Across Texas, alternative or nontraditional crops continue to find a significant role in many farming operations because they offer crop diversification or an additional opportunity for late-season planting after failed crops.

While some crops are limited by contract availability and marketing options, Texas producers plant almost 1 million acres of alternative crops such as sunflowers, sesame, Sudan grass, alfalfa and hemp, said Calvin Trostle, Ph.D., Texas A&M AgriLife Extension Service agronomist, statewide hemp and alternative crop specialist and professor, Department of Soil and Crop Sciences, at the Texas A&M AgriLife Research and Extension Center at Lubbock.

“Alternative crops in Texas, especially for those producers who are willing to take the time to understand and optimize production practices and marketing opportunities, certainly have a place in diversified farming operations,” Trostle said. “And we in Texas A&M AgriLife have the expertise to help farmers make those management decisions.”

While rains have been scattered around the state, he said conditions in the lower South Plains and South Texas improved slightly from severe drought.
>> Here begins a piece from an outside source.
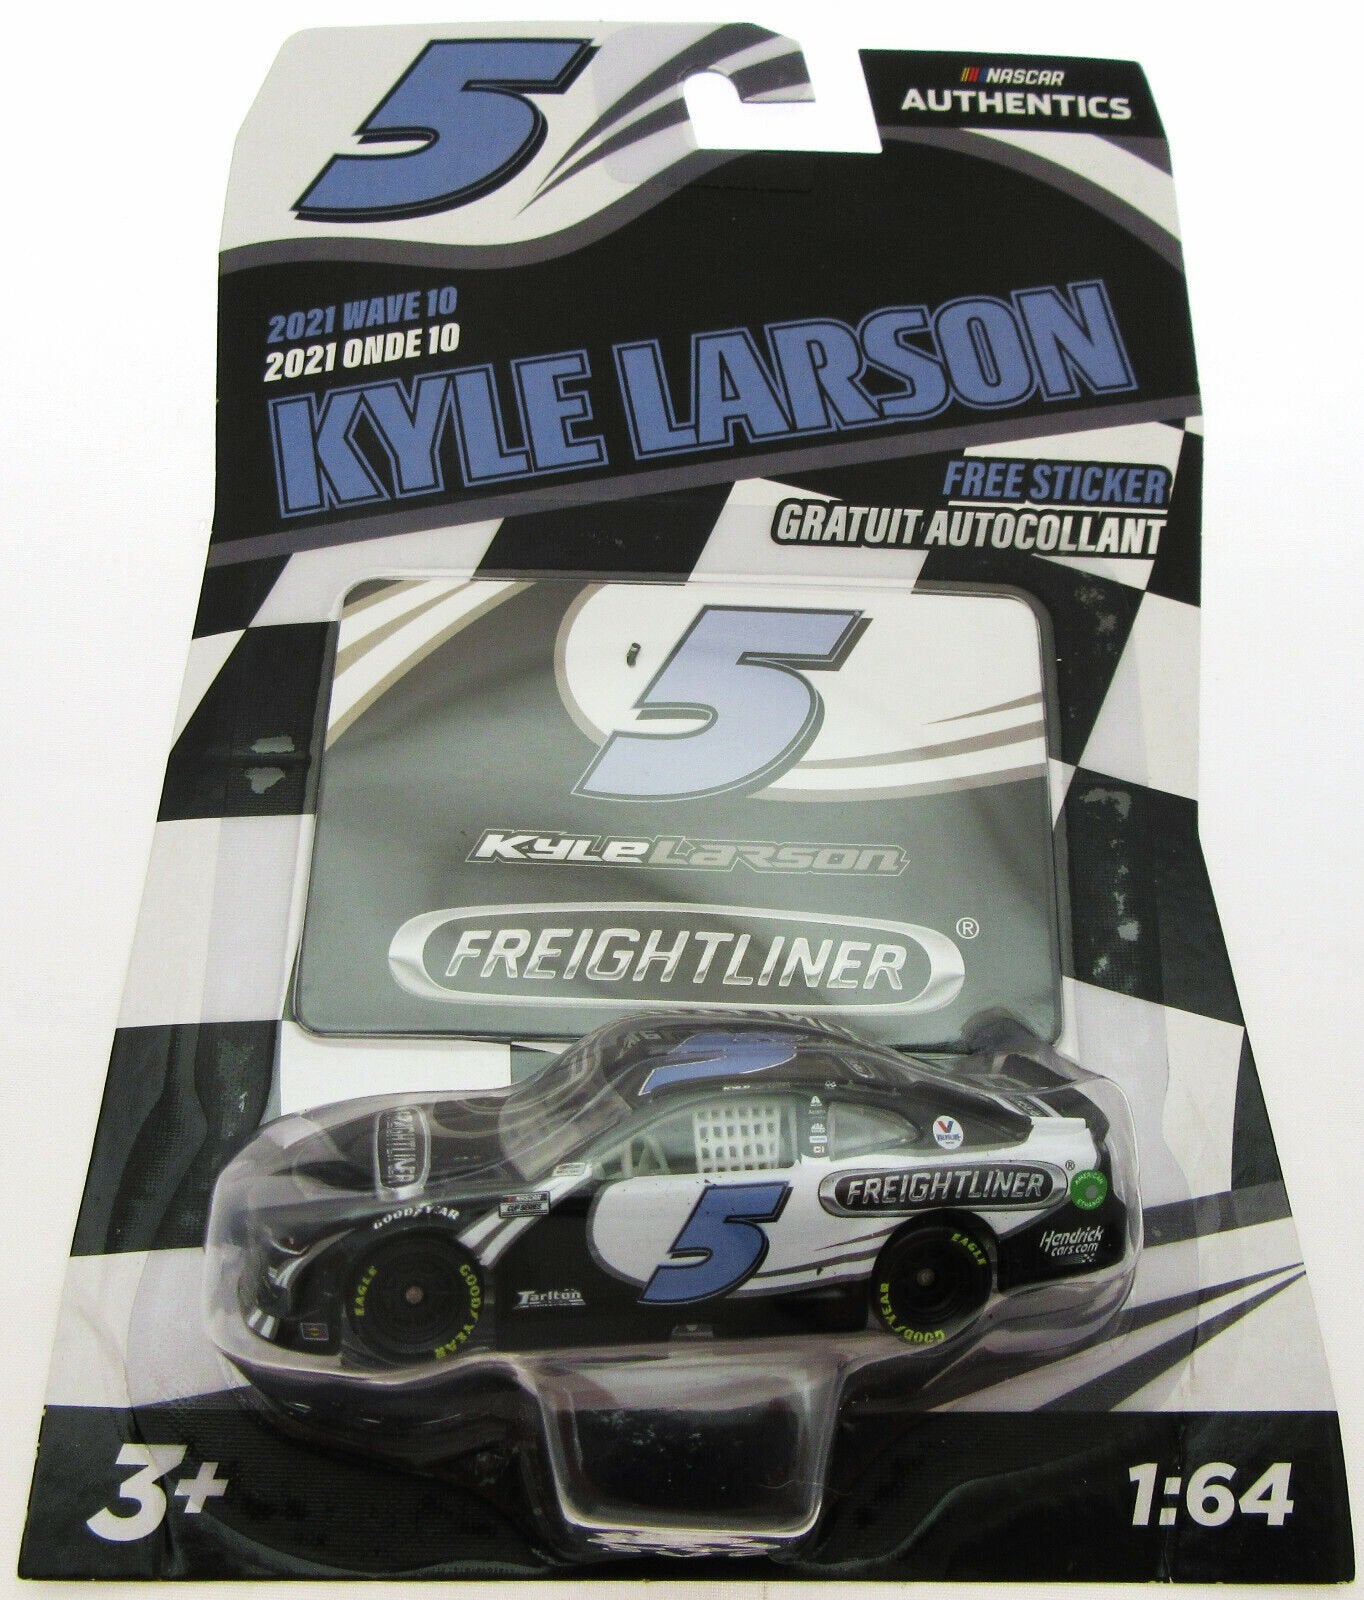 Freightliner Kyle Larson 5 ~ NASCAR Authentics ~ Die Cast Car 1:64 Scale
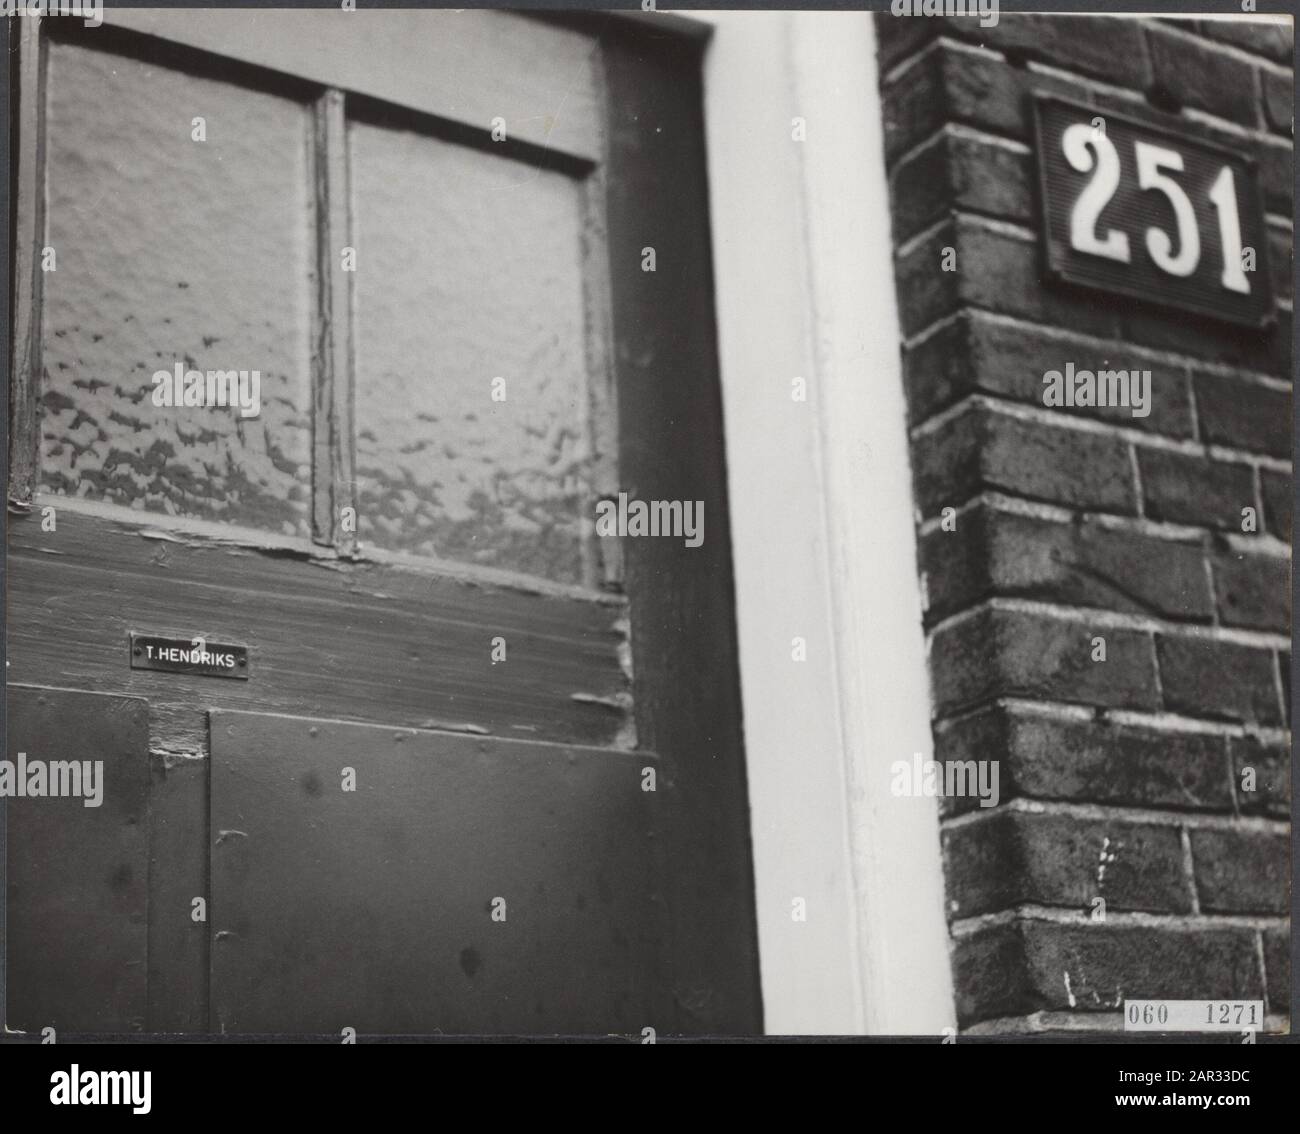 Accueil de la victime de l'étranglement Date: 14 janvier 1964 lieu: Nijmegen mots clés: KILDS, Disabled, homes Nom personnel: Hendriks mw t Banque D'Images

However, the Panhandle region has not changed much in recent weeks, according to the U.S. Drought Monitor.

The 10,000-15,000 acres of sunflowers in the lower Rio Grande Valley, planted in February, will be ready for harvest in late June to July. Sunflowers in the High Plains, which are headed to the bird food market in Lubbock and oil crush market in Colorado, have kept acreage steady at about 15,000 acres and 10,000 acres, respectively.